Deleterious Variation in BRSK2 Associates with a Neurodevelopmental Disorder

Abstract

Developmental delay and intellectual disability (DD and ID) are heterogeneous phenotypes that arise in many rare monogenic disorders. Because of this rarity, developing cohorts with enough individuals to robustly identify disease-associated genes is challenging. Social-media platforms that facilitate data sharing among sequencing labs can help to address this challenge. Through one such tool, GeneMatcher, we identified nine DD- and/or ID-affected probands with a rare, heterozygous variant in the gene encoding the serine/threonine-protein kinase BRSK2. All probands have a speech delay, and most present with intellectual disability, motor delay, behavioral issues, and autism. Six of the nine variants are predicted to result in loss of function, and computational modeling predicts that the remaining three missense variants are damaging to BRSK2 structure and function. All nine variants are absent from large variant databases, and BRSK2 is, in general, relatively intolerant to protein-altering variation among humans. In all six probands for whom parents were available, the mutations were found to have arisen de novo. Five of these de novo variants were from cohorts with at least 400 sequenced probands; collectively, the cohorts span 3,429 probands, and the observed rate of de novo variation in these cohorts is significantly higher than the estimated background-mutation rate (p = 2.46 × 10^-6). We also find that exome sequencing provides lower coverage and appears less sensitive to rare variation in BRSK2 than does genome sequencing; this fact most likely reduces BRSK2's visibility in many clinical and research sequencing efforts. Altogether, our results implicate damaging variation in BRSK2 as a source of neurodevelopmental disease.

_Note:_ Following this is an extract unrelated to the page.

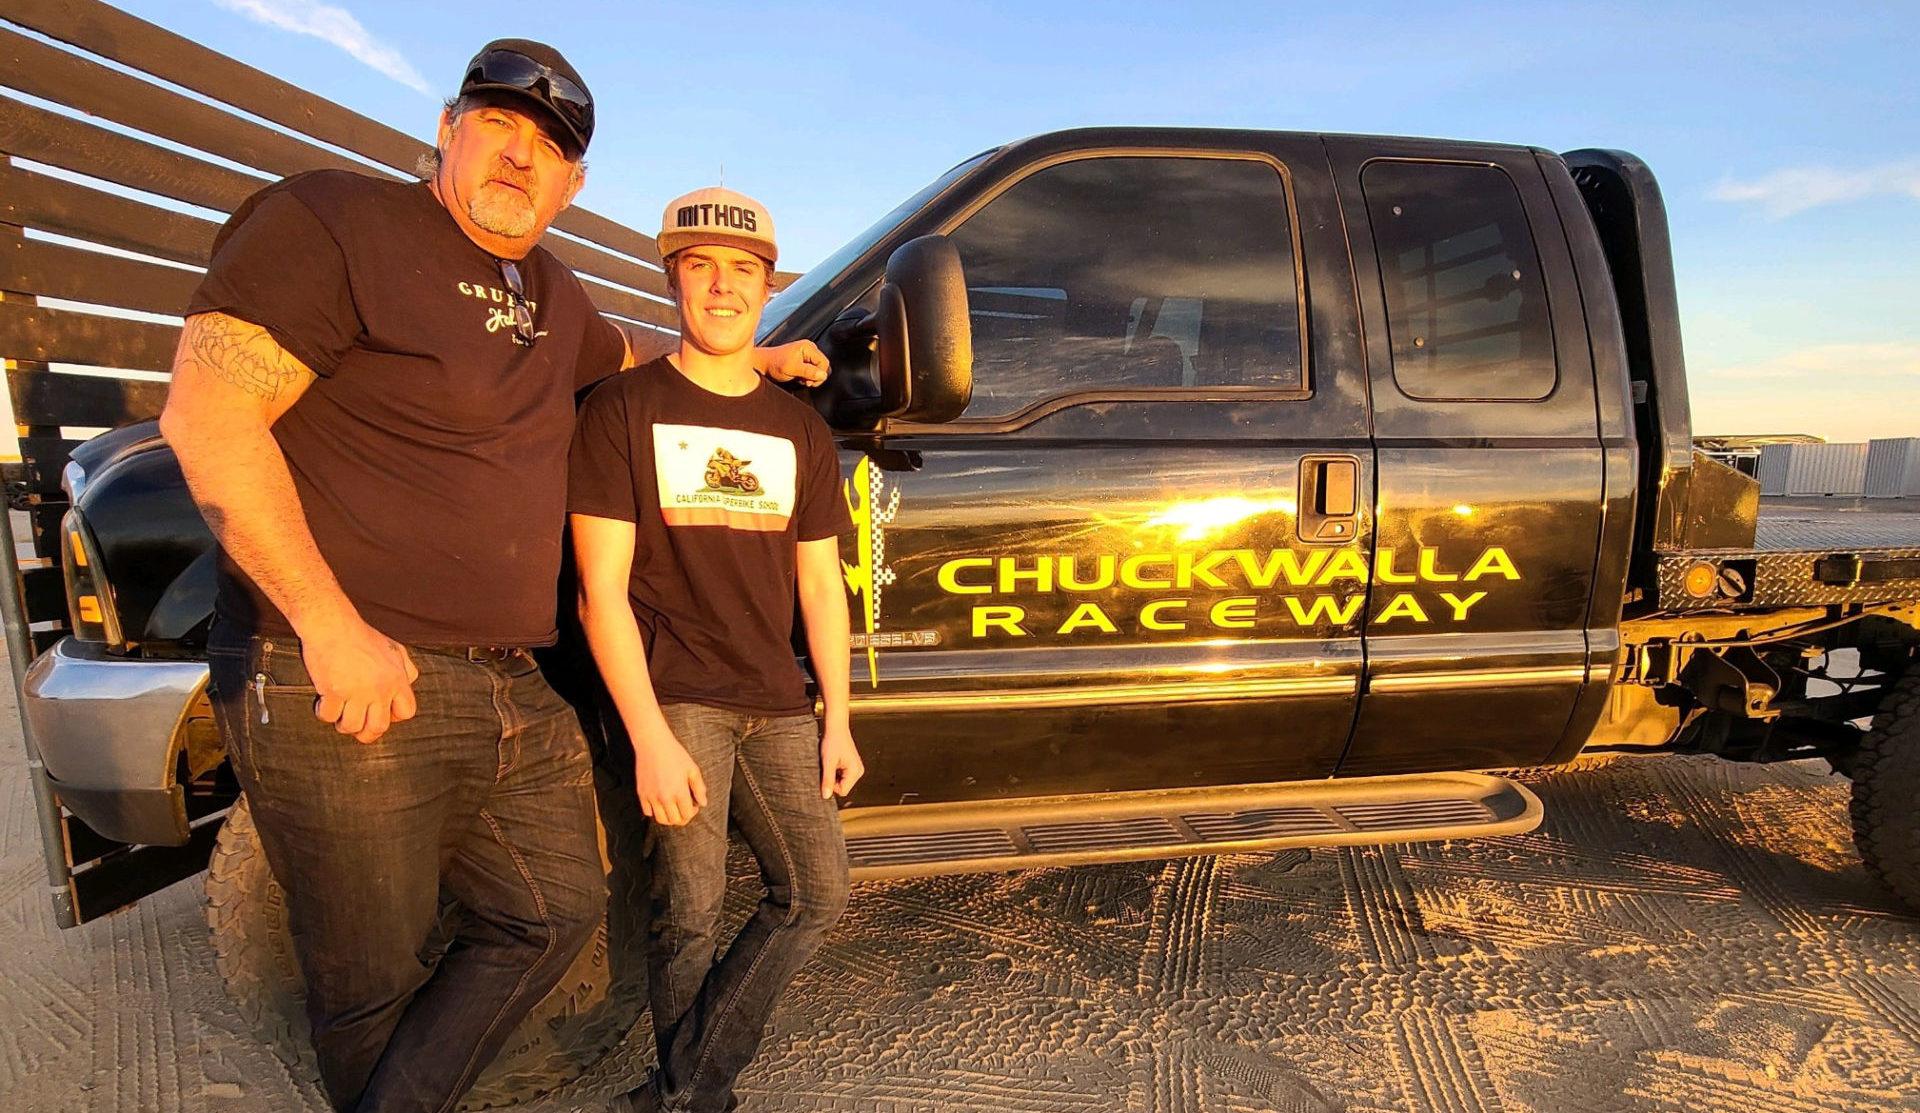 MotoAmerica Supersport racer Rocco Landers (right) with Chuckwalla Valley Raceway President Micky Grana (left). Photo courtesy Landers Racing.

Keywords: BRSK2; Mendelian disease; clinical sequencing; de novo; developmental delay; exome; genome; intellectual disability.

Figure 1

Exon and Domain Structure, Conservation, and Locations of Observed Variation in BRSK2 (A and B) Variation observed in BRSK2 is shown for (A) the canonical, 20-exon transcript, GenBank: NM_001256627.1 and (B) the 736 aa protein, GenBank: NP_001243556.1. Protein domains include protein kinase, ubiquitin-associated (UBA), proline-rich (Pro-Rich), and kinase-associated 1 (KA1) domains. Splice variants are shown below the schematic representation of the canonical transcript, and protein-altering variants are shown above the schematic representation of BRSK2. De novo variants are shown in green text, and those of unknown inheritance are shown in black. (C) Analysis of conservation throughout BRSK2 was performed with amino acid selection scores as previously published and used a 21-codon sliding window. The most-selected motifs of a protein are identified as peaks. The three residues found to be affected by variation here are labeled, along with their respective conservation scores.

Figure 2

Computational Modeling of BRSK2 Missense Variants A full model of BRSK2 was created with I-TASSER modeling using PDB: 4YOM, 4YNZ, and 4IW0. This model of BRSK2 was combined via ConSurf mapping with sequences for BRSK2 from 99 species. Amino acid coloring is as follows: gray = not conserved, yellow = conserved hydrophobic, green = conserved hydrophilic, red = conserved polar acidic, blue = conserved polar basic, and magenta = conserved human variants of interest. Zoomed-in views of the three locations are shown, along with codon usage throughout evolution. The conservation score is defined as an additive metric of amino acid conservation and codon selection as previously defined. For example, a conservation score of 2 indicates 100% conservation with >2 standard deviations above the mean for codon selection. s/n indicates synonymous mutations versus non-synonymous mutations observed at the same position in other species; differences are indicated. All three sites are under high selection and have multiple synonymous (s) amino acids in 99 open reading frames (ORFs) of BRSK2 and only a single nonsynonymous (n) change observed at G212. Linear motifs mapped with the Eukaryotic Linear Motif (ELM) tool are shown below each site.

Figure 3

Comparisons of BRSK2 Sequencing Depth across gnomAD Datasets Fractions of gnomAD samples that attain a per-base sequencing depth of ≥20× are plotted as a function of the percentage of bases examined, ordered by a decreasing fraction of exonic-base coverage. Only autosomal positions are included. The dashed line shows the fraction of samples covered at the median-depth base. (A) Using only BRSK2 exonic bases (exons plus 10 bp on either side), coverage is compared in gnomAD exomes (orange; 125,748 individuals) and gnomAD genomes (green; 15,708 individuals). (B) Using only gnomAD exomes (125,748 individuals), exonic bases (exons plus 10 bp on either side) in BRSK2 (orange) are compared to exonic bases in 1,012 confirmed developmental-delay genes identified by the Developmental Disorders Genotype-Phenotype Database (DDG2P; purple).